SE MINIMIZZARE È PERICOLOSO

Per quanto mi riguarda, questa opportunità non solo mi provoca una enorme sensazione di solitudine, ma anche il convincimento di un totale smarrimento della sessualità maschile da parte di alcuni soggetti. Penso anche sia un pessimo messaggio, in particolare per i maschi che ad una sessualità (si spera sana) devono ancora avvicinarsi. Viviamo già con troppa leggerezza l’enorme 'bolla' di deresponsabilizzazione delle relazioni nei social network, luoghi dove essere sé stessi è un’opzione e dove l’altro non riceve la stessa forma di rispetto che si pretenderebbe per sé stessi. Ridurre – come hanno fatto molti comunicatori - questa casa di appuntamenti a 'un fatto di colore', definendo «interessante» un’offerta dove possono essere agìti istinti perversi e rapporti con forme umane in silicone, mi sembra davvero pericoloso.

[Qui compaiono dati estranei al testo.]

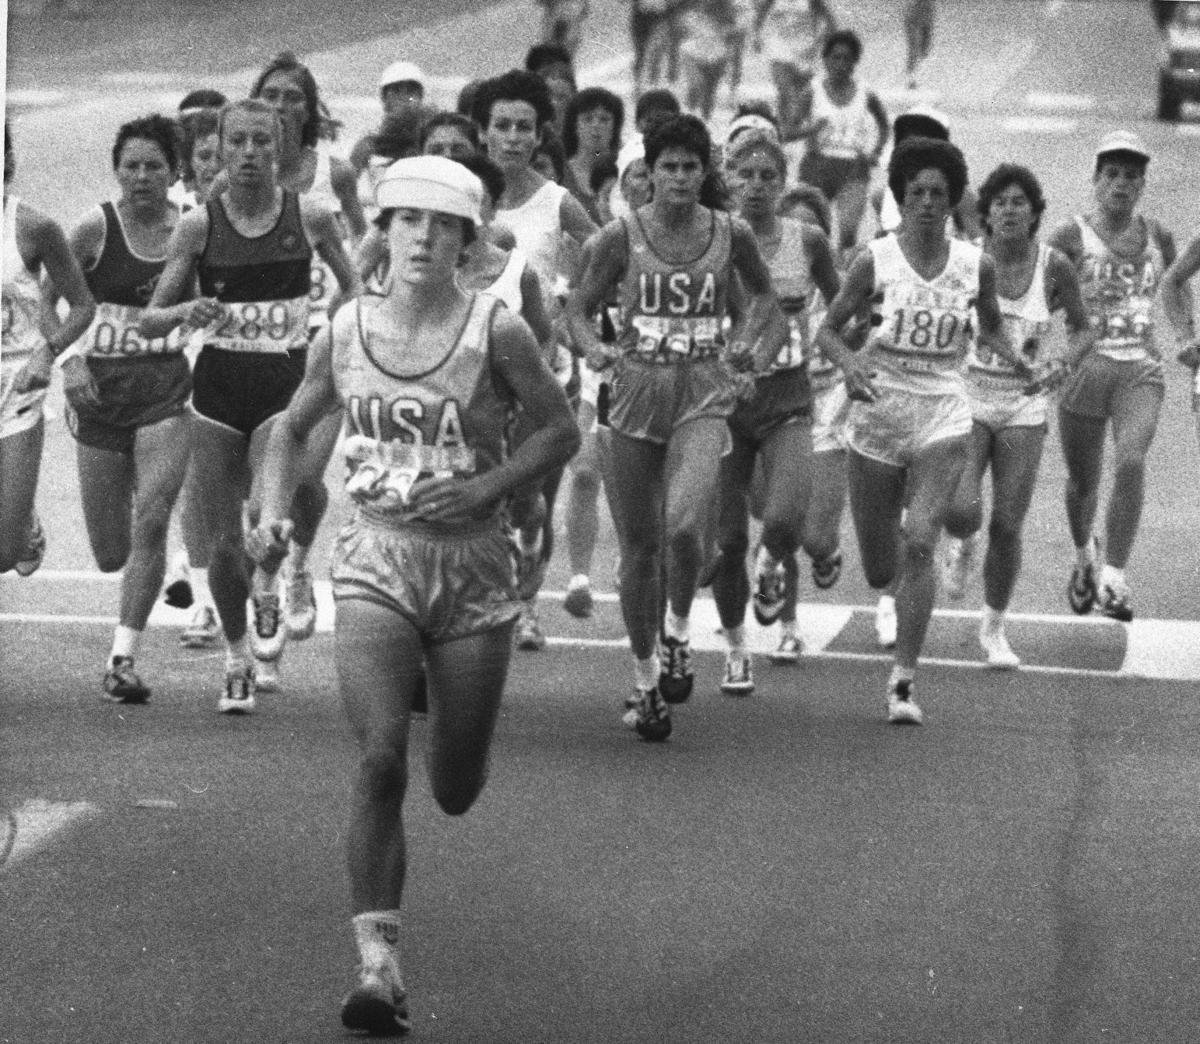 Joan Benoit Samuelson wins 1984 Olympic women's marathon

CORPI COME OGGETTI: DICIAMO BASTA

Per una volta sfido impavida l’etichetta di bacchettona e dico che culturalmente il messaggio di queste case non è meno disastroso di tutto ciò che poi ci porta per direttissima al tema della violenza sulle donne. L’oggettivizzazione del corpo, senza diritti e senza dignità, in queste case è servita su un piatto d’argento. Ed è esattamente quello che poi conduce a relazioni non sane, agli abusi, ai femminicidi. Se per ovvie ragioni non si può fare un legame di concausa tra le cose, credo profondamente che questo tipo di offerta del divertimento sessuale non aiuti affatto quella cultura del rispetto e delle relazioni sane tra individui, di cui tanto avremmo bisogno.